Top of Given material
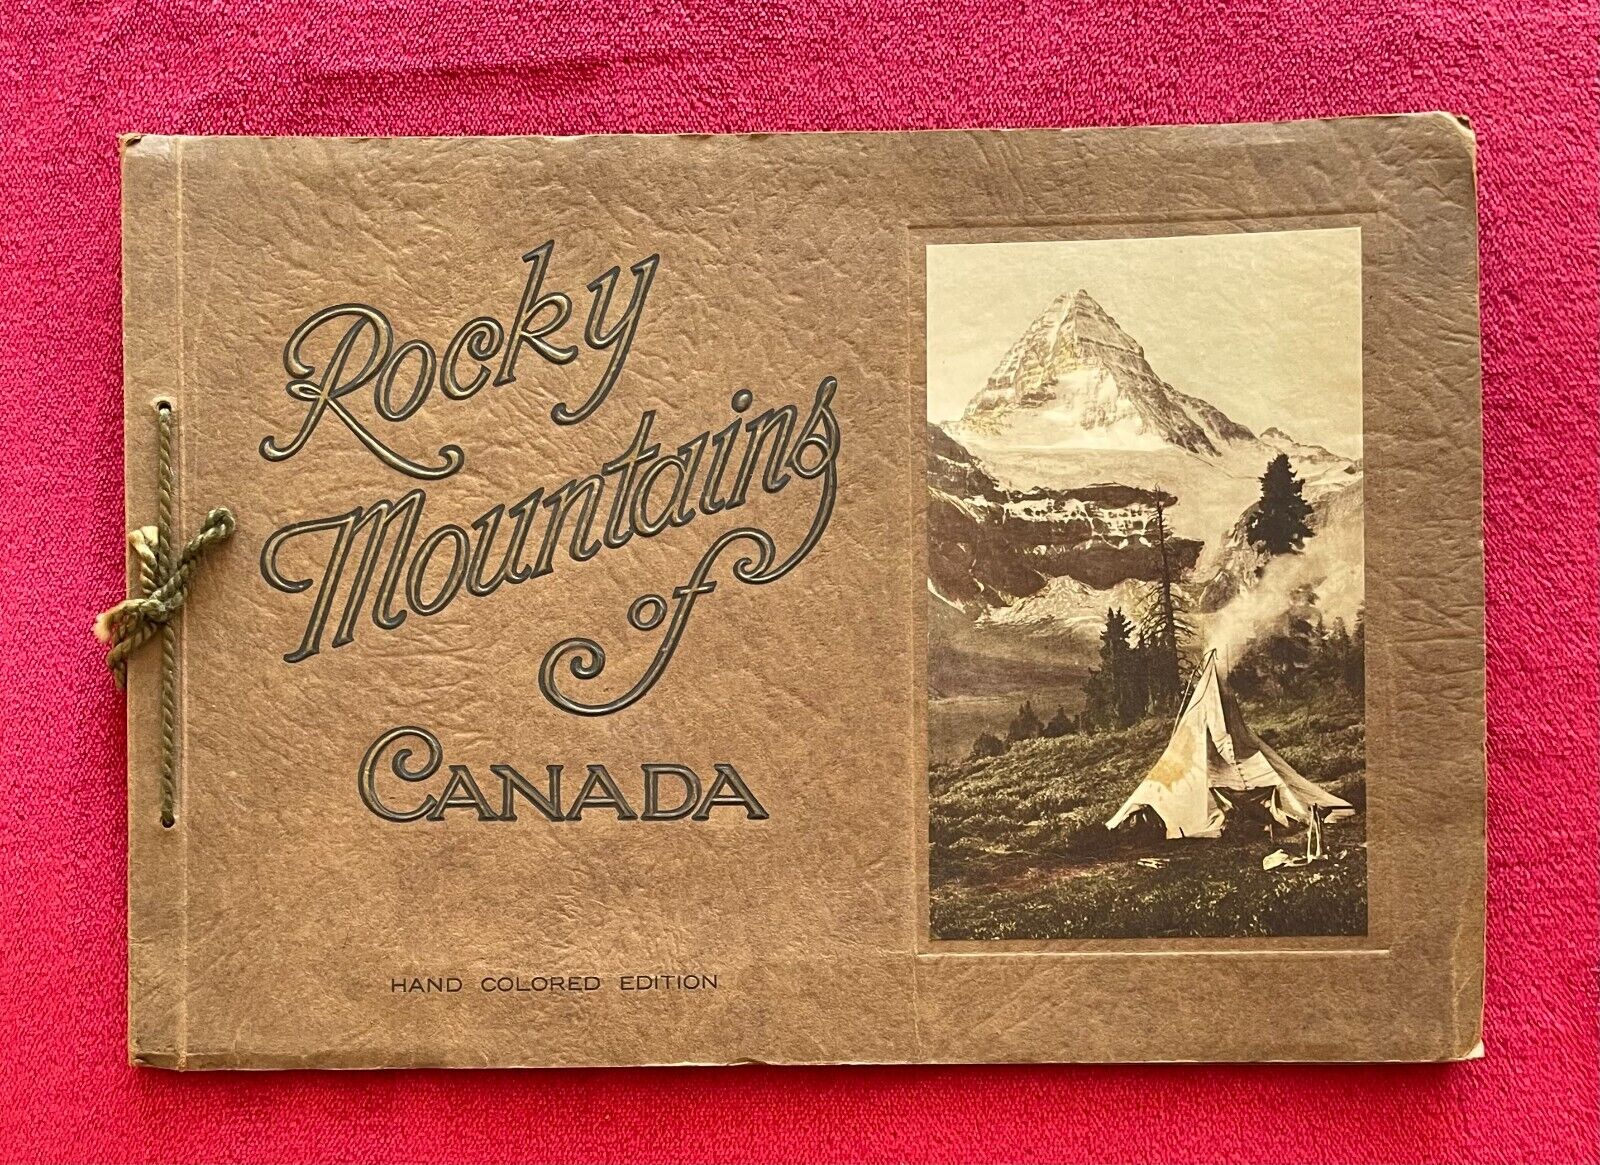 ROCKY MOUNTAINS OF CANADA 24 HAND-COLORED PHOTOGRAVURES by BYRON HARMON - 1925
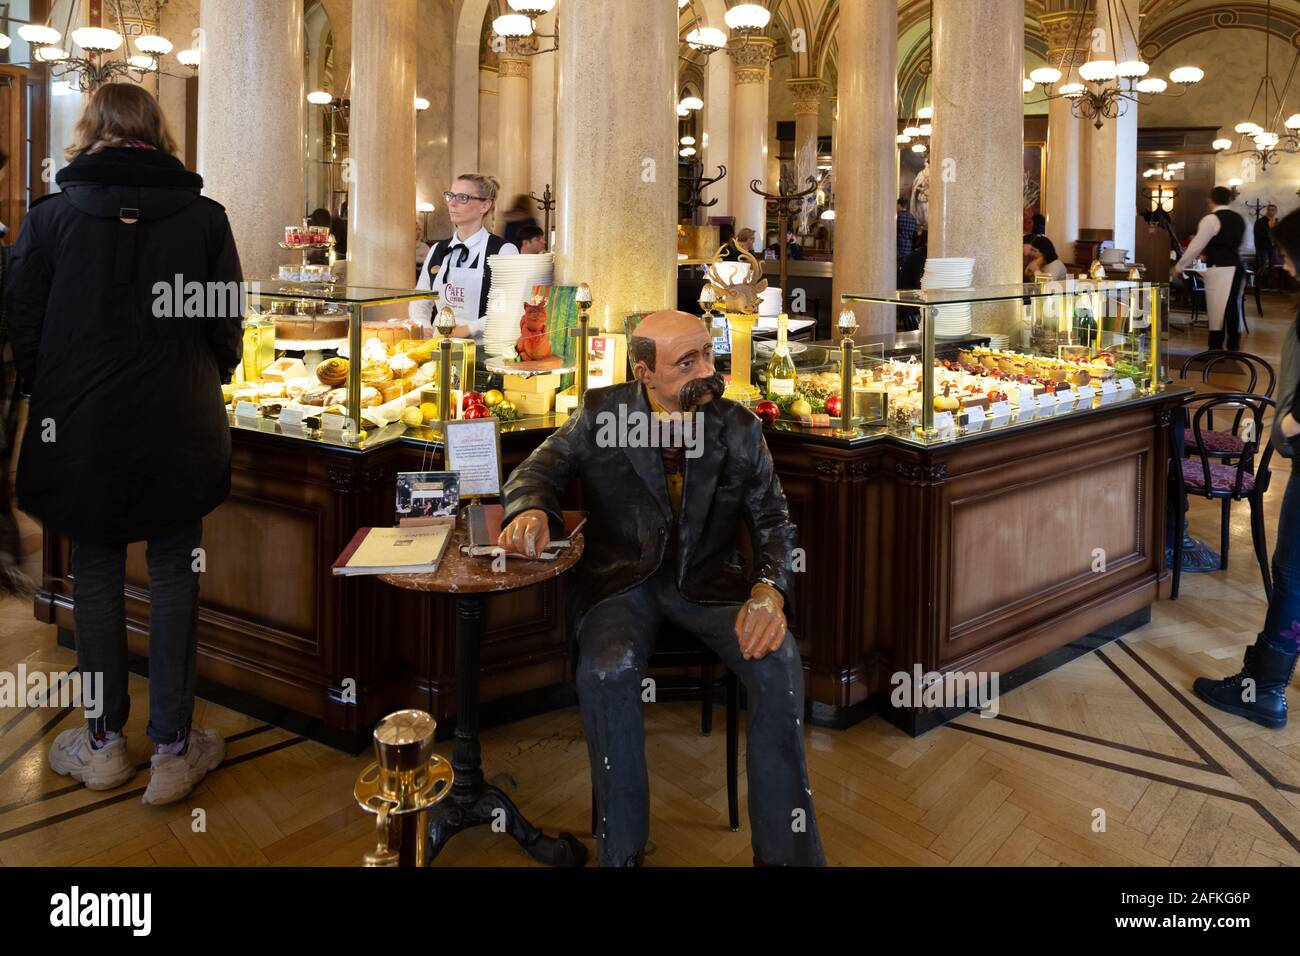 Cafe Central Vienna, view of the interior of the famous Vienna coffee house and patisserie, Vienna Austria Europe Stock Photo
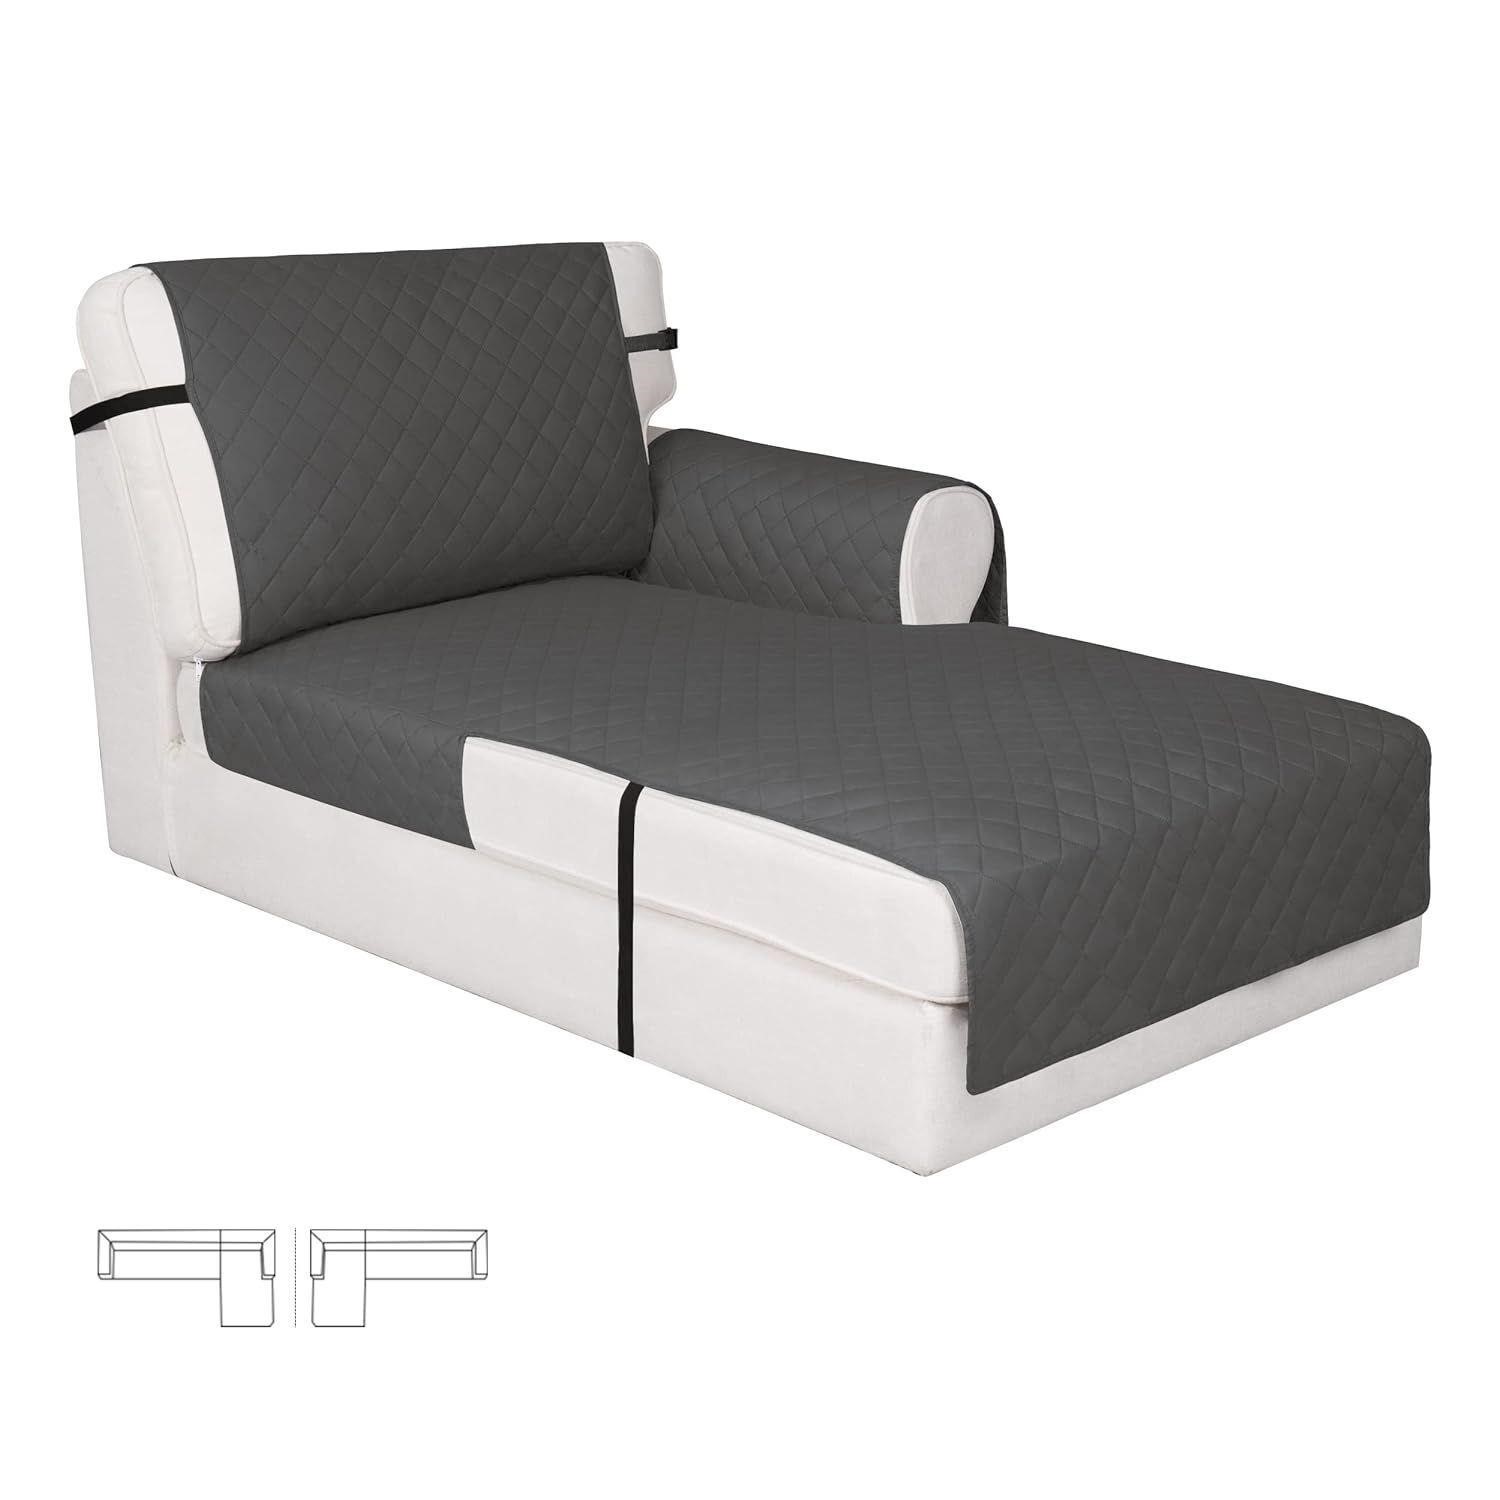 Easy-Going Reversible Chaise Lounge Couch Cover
Bottom of Given material
◆ **Required work**
Output all of the listing above, exactly as given, but without its pictures.

◆ **The completed task**
 ROCKY MOUNTAINS OF CANADA 24 HAND-COLORED PHOTOGRAVURES by BYRON HARMON - 1925
 Cafe Central Vienna, view of the interior of the famous Vienna coffee house and patisserie, Vienna Austria Europe Stock Photo
 Easy-Going Reversible Chaise Lounge Couch Cover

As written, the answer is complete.